:: Records

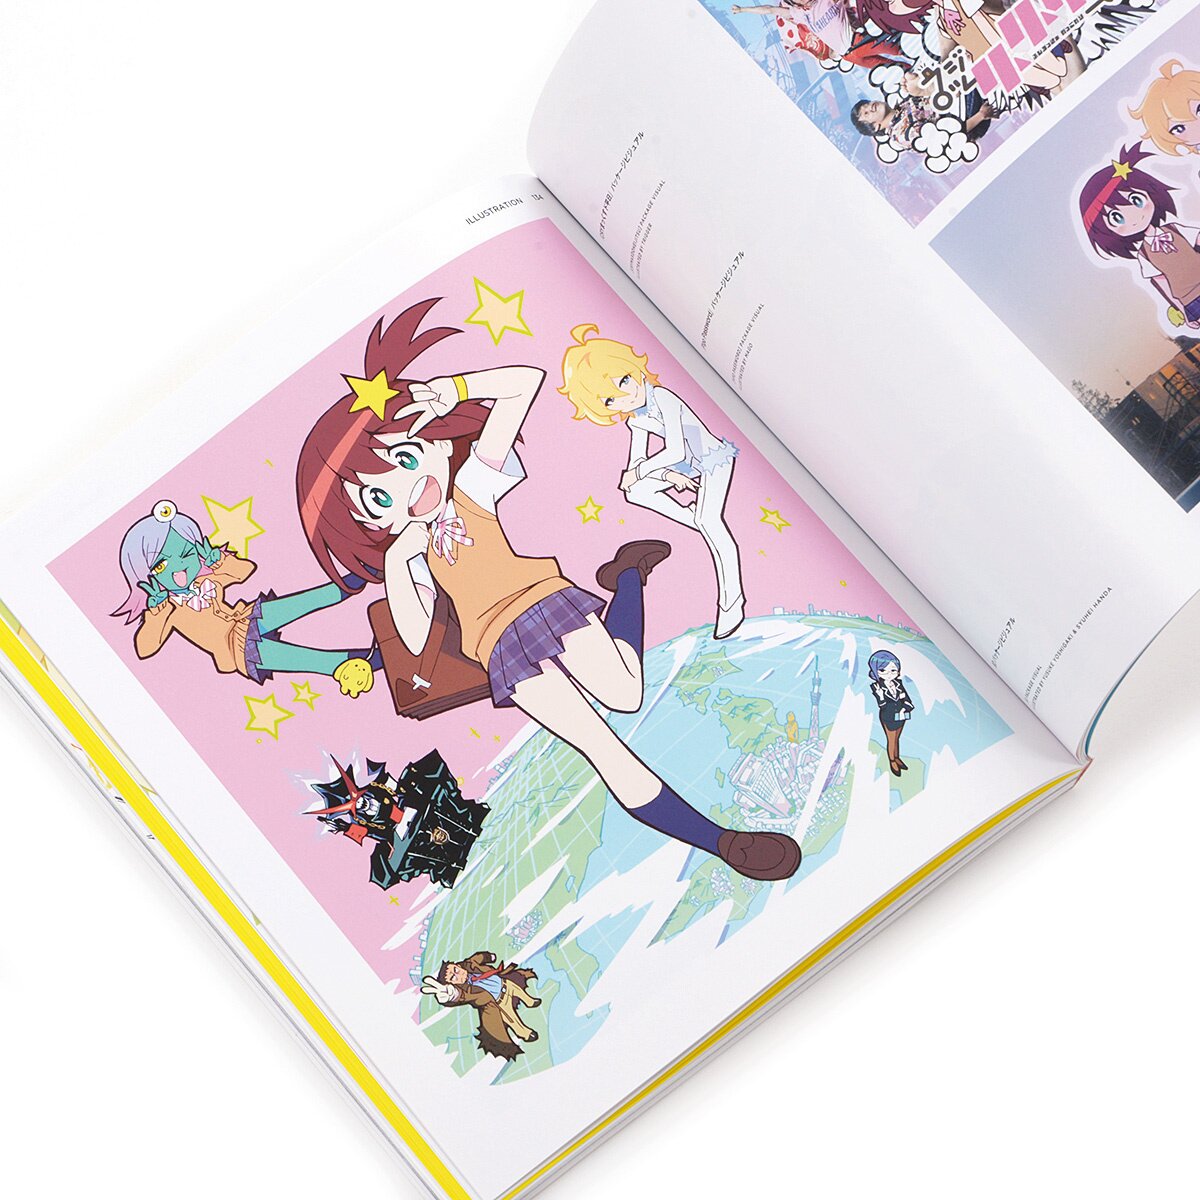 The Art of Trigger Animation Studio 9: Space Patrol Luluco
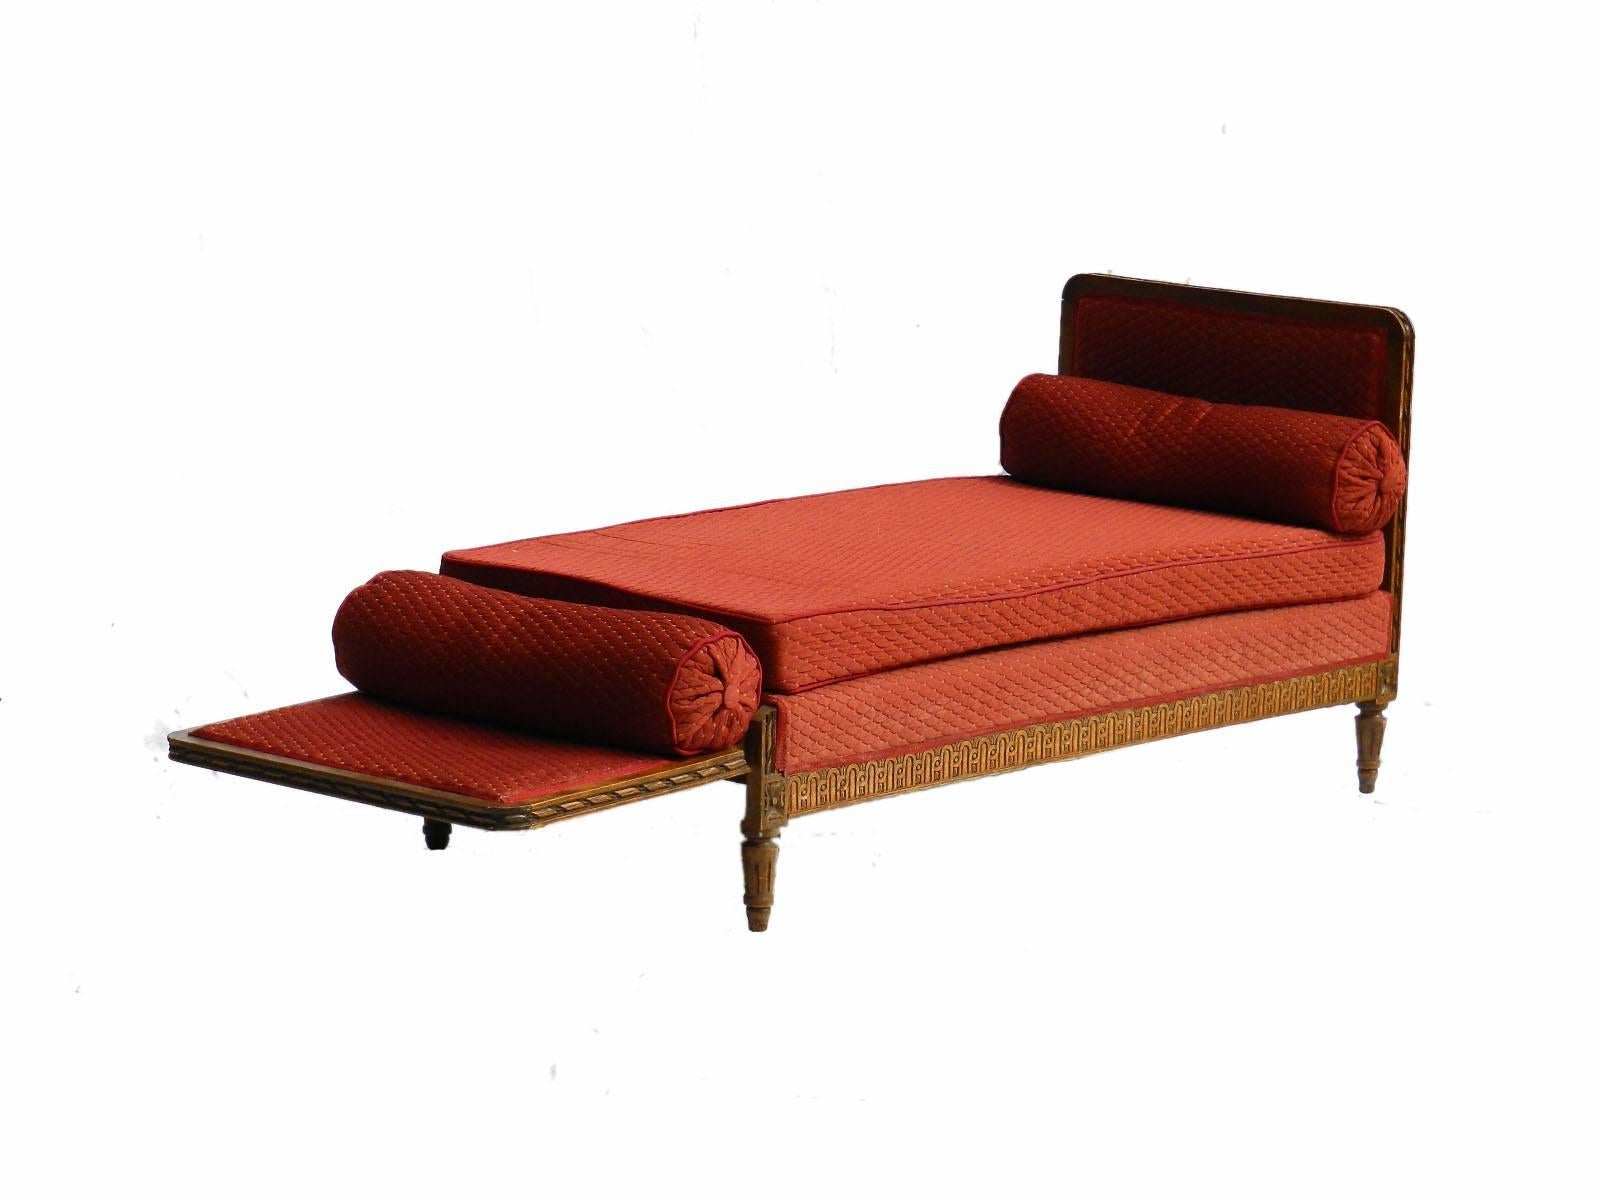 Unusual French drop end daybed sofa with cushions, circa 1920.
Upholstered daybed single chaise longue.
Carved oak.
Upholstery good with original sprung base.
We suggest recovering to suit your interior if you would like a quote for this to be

::::

* [Prompt] Retype the data above exactly. Leave the pictures out.

* [Written solution]
 The Art of Trigger Animation Studio 9: Space Patrol Luluco
 Unusual French drop end daybed sofa with cushions, circa 1920.
Upholstered daybed single chaise longue.
Carved oak.
Upholstery good with original sprung base.
We suggest recovering to suit your interior if you would like a quote for this to be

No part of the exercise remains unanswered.